After the news last week that YouTube star Jordan Maron bought himself a $4.5 million mansion with his ad revenue, we found ourselves discussing the rights and wrongs of immense Let’s Play pay. Sian Bradley and Robin Wilde each take a different view.
If you’re sat reading a gaming website, then we may assume that you spend a lot of your free time playing games. You do it to relax, to forget about the struggles of the real world and place yourself in a character’s shoes for a few hours. Put simply: gaming is a hobby. So it’s understandable when many people feel hurt that a select few are paid extraordinarily well for doing something that they do every Saturday morning in their underwear. But this jealously actually simplifies a YouTuber’s job greatly and is less than fair.
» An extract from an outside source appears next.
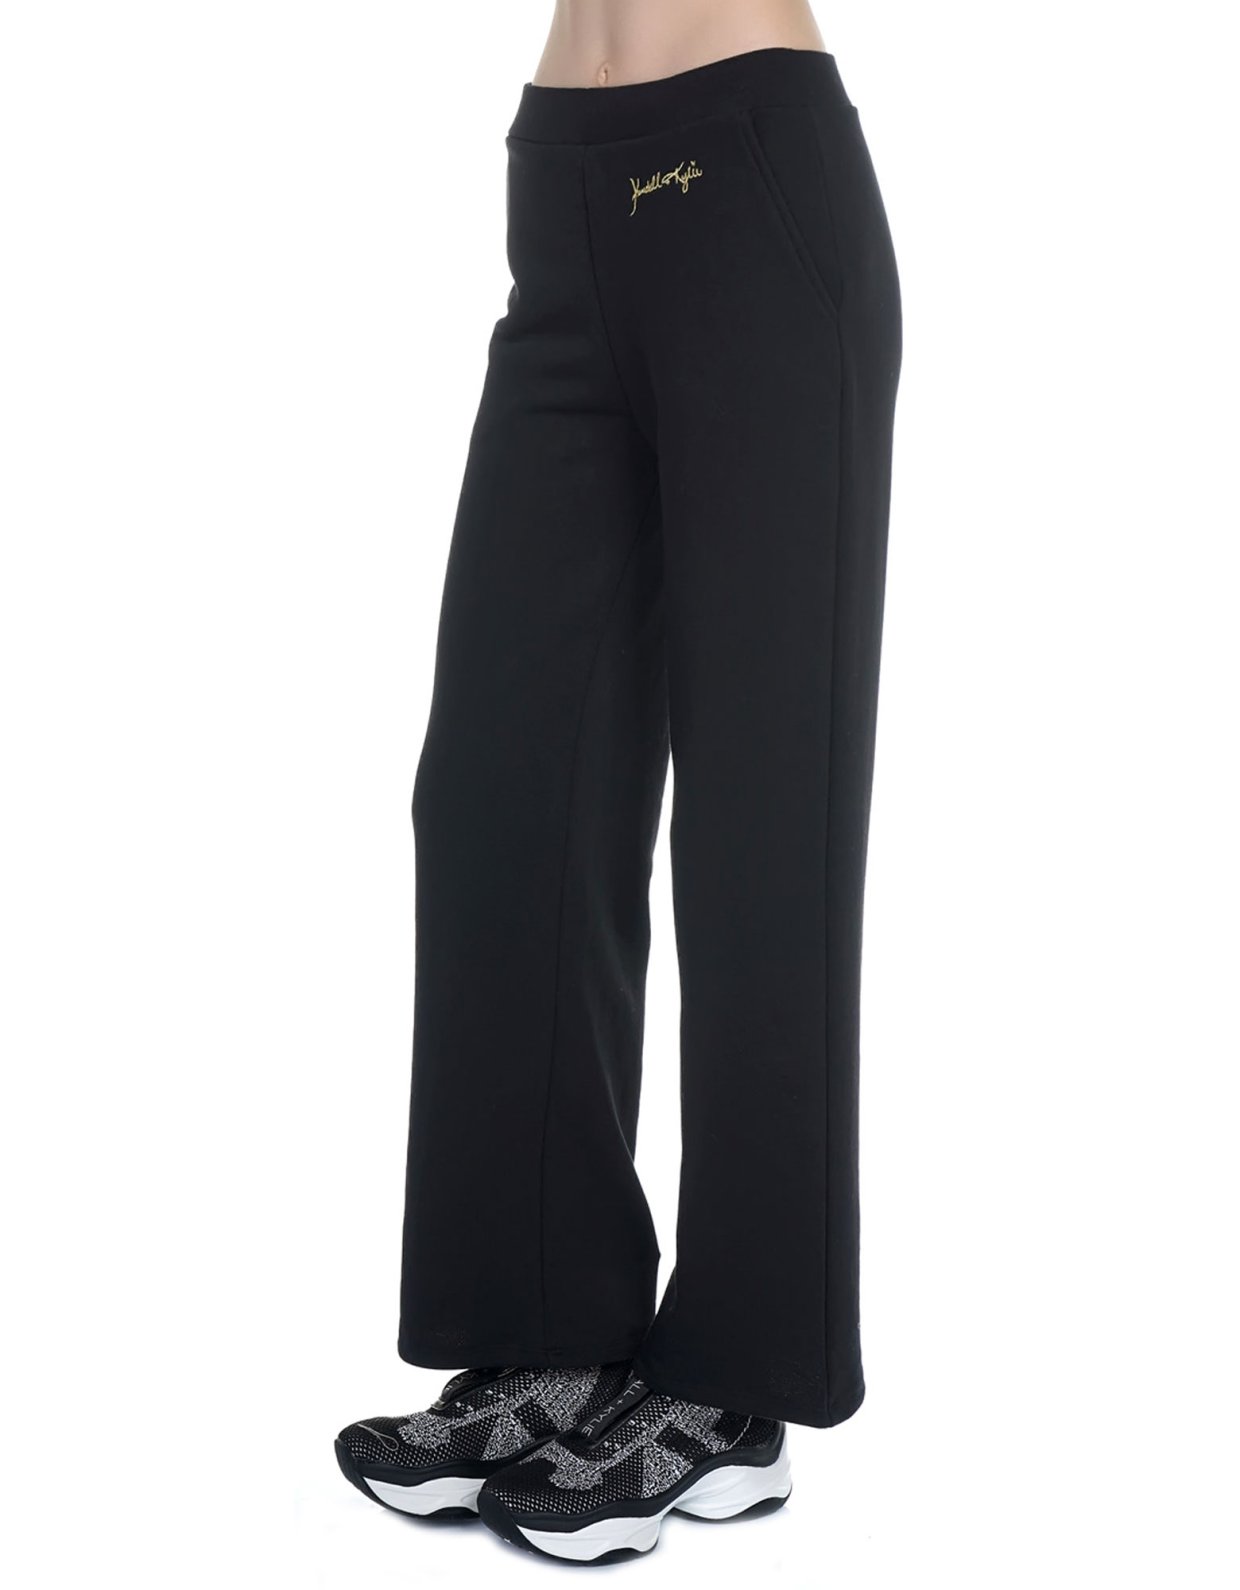 Kendall + Kylie Classic straight sweatpants black

What we must remember is that sitting and playing a game doesn’t get it out into the world, otherwise we’d all be famous. There’s a lot of work put in to YouTube videos that takes an extremely long time. For a while, I made my own videos and had to quit because I didn’t have enough time in the day alongside other commitments. You have to set everything up, make sure your audio levels are correct and that your game is recording alongside your voice without any lag. Then, after playing an hour of one game, you have to edit it into tiny chunks, with enough going on in each segment, plus any post-edits you want to make and you’ll probably come out with a video around 15 minutes in length. If you’re lucky.
Playing through the game is the easy bit, and unfortunately, the only bit we see. Putting the video together and creating a thumbnail and any other graphics takes a lot of skill and those skills spread across a wide variety of programs and knowledge. Of course, when it’s your job, it becomes a lot easier and you have all day to spend on it rather than the couple of hours after work that the rest of us get. But editing is tedious above all else and no matter how good you get at it, it takes a long time to create something that other people want to see.
YouTubers are also primarily entertainers and a lot of people forget that. Not only are they paid for the skills that they put to use, they’re paid for being someone that we actually want to listen to. They have to have a certain kind of charisma and to be able to bring up this personality every time they turn the camera on. Many famous YouTubers are regular in their video output, putting out videos every day of the week, as well as organising fan meetings and talking to developers and other people in the industry. There’s no time for a bad day. Sure, they may have a reserve pile of videos that they can release if they are unable to create a new one, but fans have demands and expect the YouTubers to follow them. If they don’t bring across the same lovable, funny personality in each video, people are going to notice and they’re going to lose interest. Being an entertainer is hard work in itself.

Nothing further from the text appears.